The first book of the Outer Bounds series by Sara King, Fortune’s Rising is a pretty good bit of sci-fi. The background is well set up, which is tricky to do. One of the challenges with writing believable sci-fi is that planets capable of supporting life are not a dime a dozen. They don’t just happen, and when they do they’re incredibly far apart, making it unlikely they’d be able to form any kind of shared governmental structure. Despite what Star Wars would have us believe 😉

King takes a good approach to this problem: hundreds of years ago humans migrated from Earth, sending ships in all directions in the hope that someone would survive and find a hospitable planet.

One group did survive, discovering a string of worlds that had been previously terraformed by a long dead, advanced alien race. Voila! You now have a bunch of worlds that have been altered to support life and are relatively close together. Well done, Ms. King. Well done.

With the basis of an interstellar society established, King focuses on one planet in particular, called Fortune. Following a popular theme in the genre, Fortune is a fringe colony world – which means it’s far removed from (brutally oppressed by) the bright and shiny government that holds sway in the galaxy.

Fortune is the only home of creatures known as Shriekers. Short version – Shriekers are dangerous because of the telepathic “static” they omit at all times, and when agitated can kill anyone near them by screaming with their minds. They are valuable because they produce a substance called Yolk. Yolk basically makes people really really smart, and is an integral part of life for people oppressing Fortune.

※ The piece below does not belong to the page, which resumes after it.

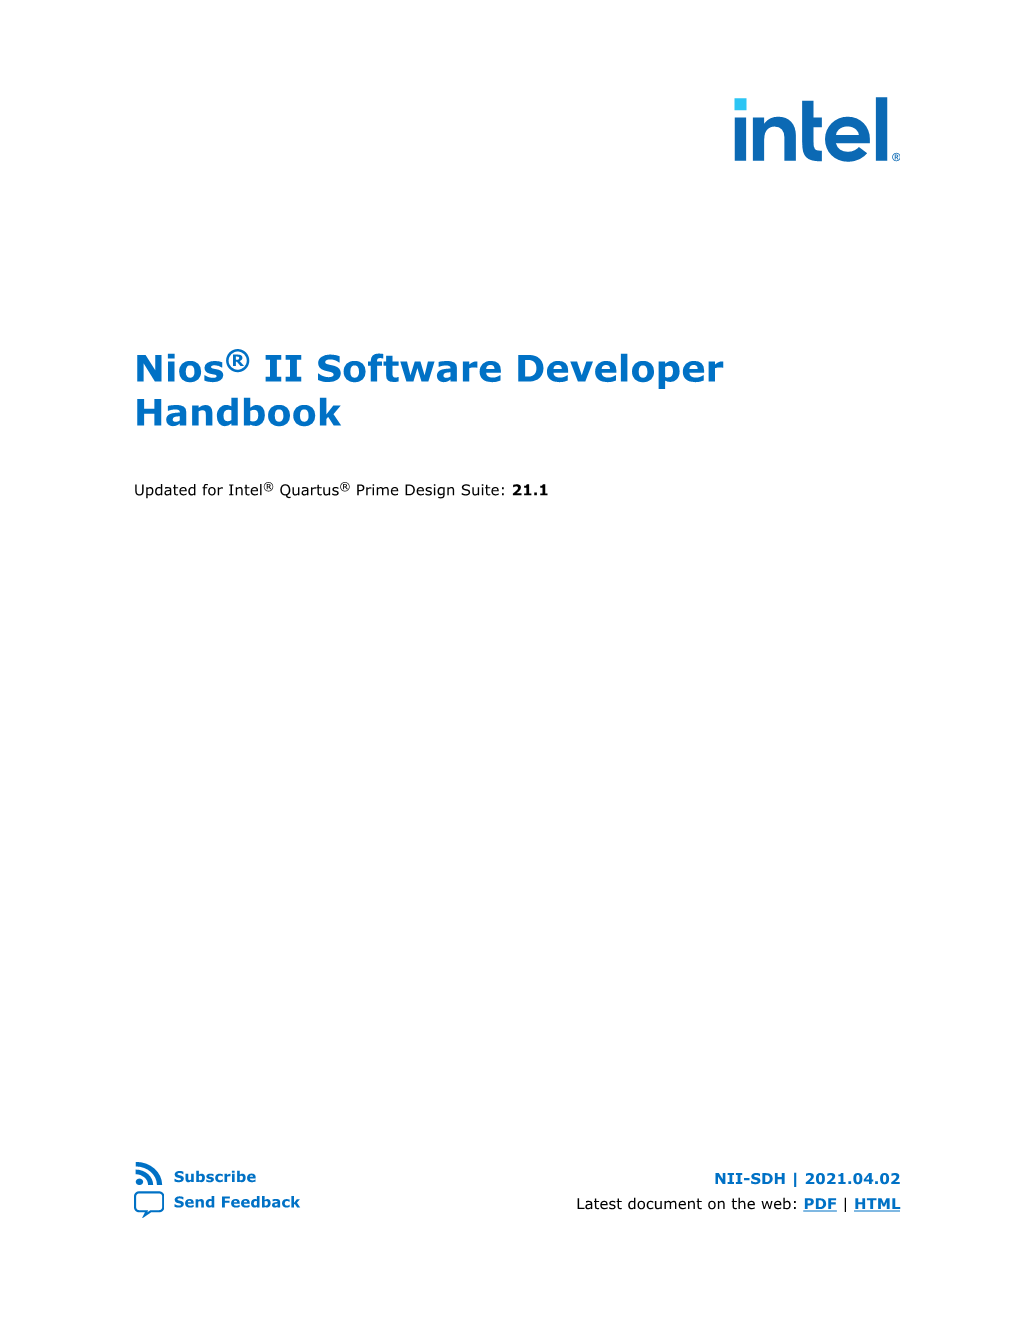 Nios® II Software Developer Handbook

So now the stage is set: powerful and corrupt government (The Coalition) ruling a small out of the way planet with a rare and valuable resource. The colonists of that planet are therefore enslaved and made to undertake the incredibly dangerous (and almost invariable fatal) task of harvesting Yolk for the benefit of their well-to-do oppressors.

Within that frame, we begin to follow a handful of interesting characters. There’s Magali (one of the better characters of the book) and her younger sister Anna (the kind of character that is successfully designed for you to love and hate in equal measure).

We’re also quickly introduced to a robot (more on him in a bit), a Coalition pilot, and a pair of colonist brothers.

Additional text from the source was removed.